T asked me to say how I was feeling. I explained that, minus my back which was in a serious state of pain and spasm owing to a strained facet joint and all the inflammation that included that I was able to feel the carpet, my sitz bones etc. T observed that I was relived the conversation that had upset me on the phone that my fists were clenched. He asked me what I might have wanted more ideally in the phone conversation. I reiterated to T what I had discussed in therapy earlier in the week that I wanted to be listened to and helped. We conducted a zen like conversation where T pretended to be the person who had upset me and showed empathy and listening skills. T asked me to look at what I could see in the room, what I could hear, what I could feel with my left hand, right foot etc, what I could smell. As these feelings were considered my body calmed down and I started to breathe having previously been crying when T said, (as in the role of caller) that T loved me, that made me cry more. We carried on putting me back into the present moment. I explained how smoking gave me a few minutes to enjoy being in the present moment as I observed sensually what I was seeing when I was in the garden at home.  T (for better or worse) encouraged me to to this for the time being.

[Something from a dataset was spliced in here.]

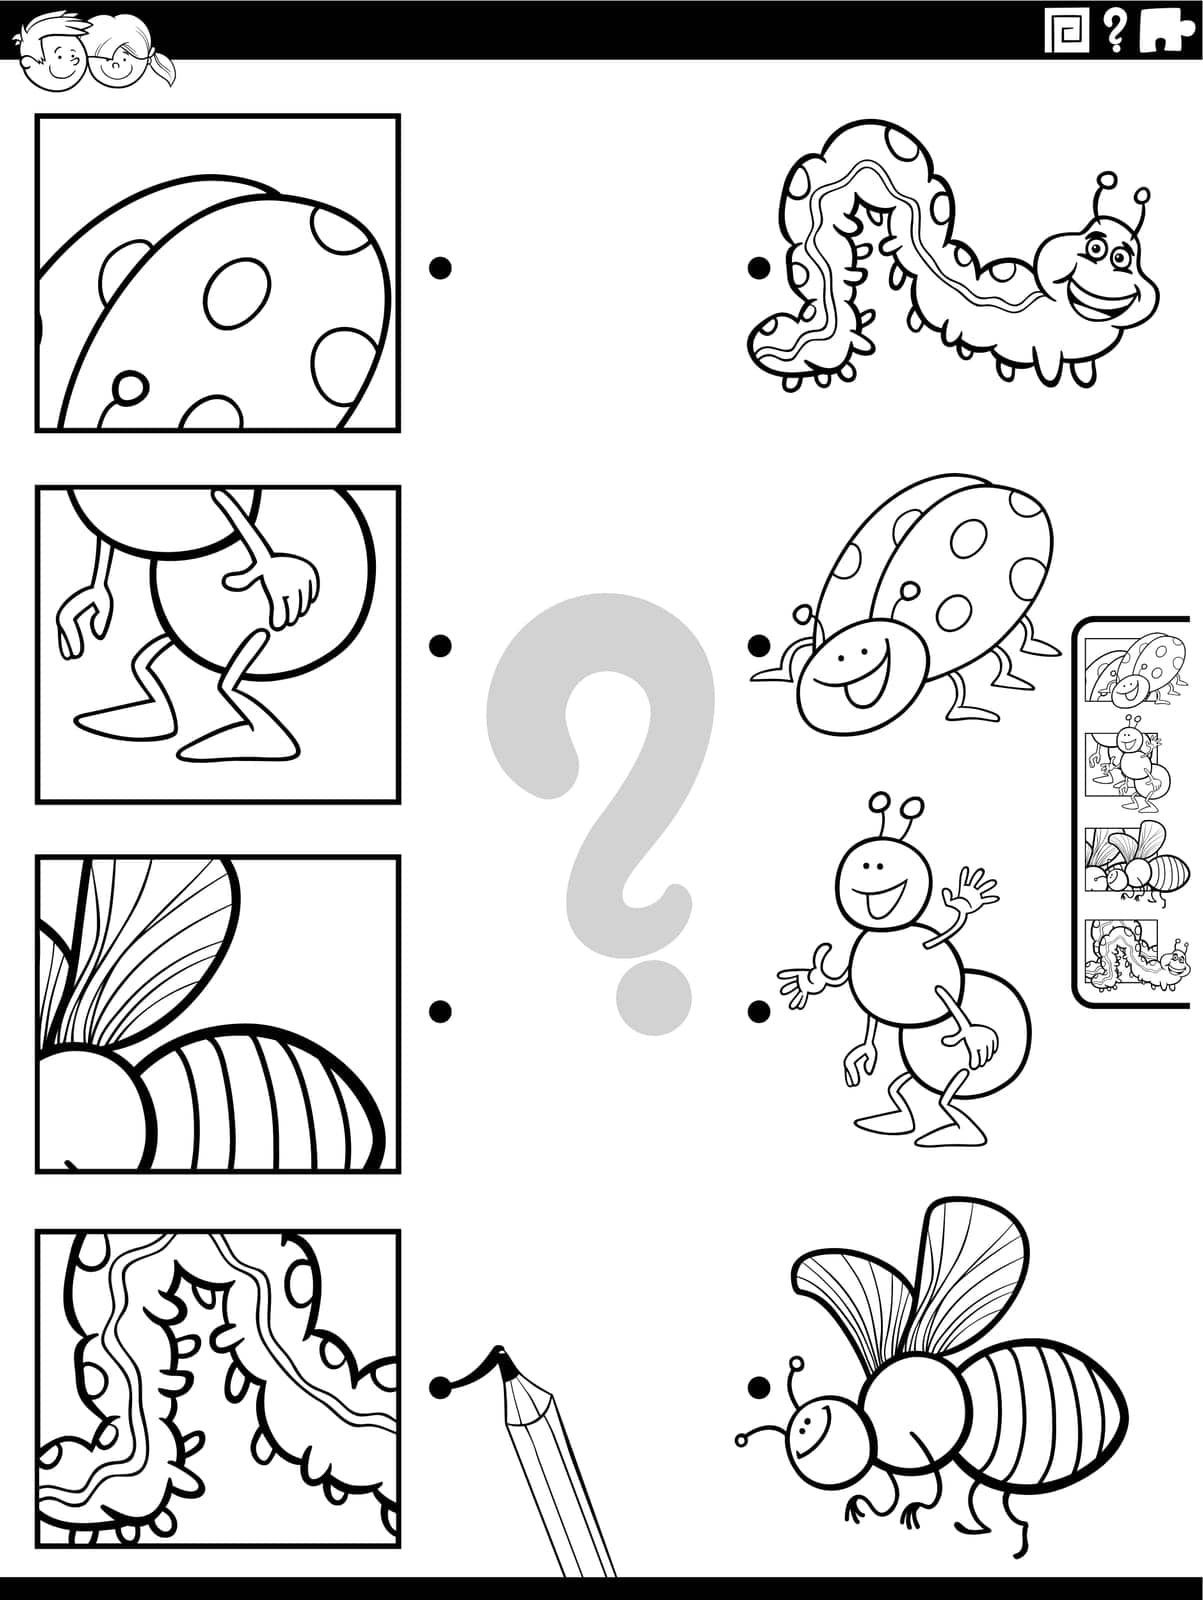 Black and white cartoon illustration of educational matching game with insects animal characters and pictures clippings coloring page

I then started to talk about a brief visit to my sister, where although it had been nice to see my new niece and my nephew that my sister needed much listening to and then was asking me questions and I had blanked out and dissociated. I had realized I had the red again and that it was like pouring more water into an already overflowing bucket, that at the moment my bucket was fulled to the brim and in the red. I explained how the best I could get my bucket was to a deep amber state (next state down from red), which therefore gave me a small range of time to function before overload set in. I said that after red would come a deep yellow, a pale yellow followed by green and then blue - a sky/lapis lazuli blue that was at the bottom and would be an ideal state of functioning where there were very gentle waves, rather than huge ranges of waves and that I was calm, in the moment, that I had my short-term memory, that there was a huge hard-drive of more space, that I could easily do my writing work, that there was balance and harmony in my world, that I was relaxed and calm and measured. That life was a pleasure. Visualising that state, which is where we are aiming for was part of my homework, as well as making gentle contact with all parts of my body, varying touch and intensity depending on what my body felt same to manage. It was a surprise to both of us when I started crying after merely palpating my left heel. The right side remains much calmer and happier with touch. I agreed to use candle light in the bath to calm me down, to be listening to music more and to palpate/use lotion on all of my body, not just my shins as additional homework for the week.

It was a good session and left me lots of time on the bus to reflect upon my 'blue bucket' of Zen!

Saturday, November 23, 2013

Somatic Experiencing Session® - 22 November "Being Safe"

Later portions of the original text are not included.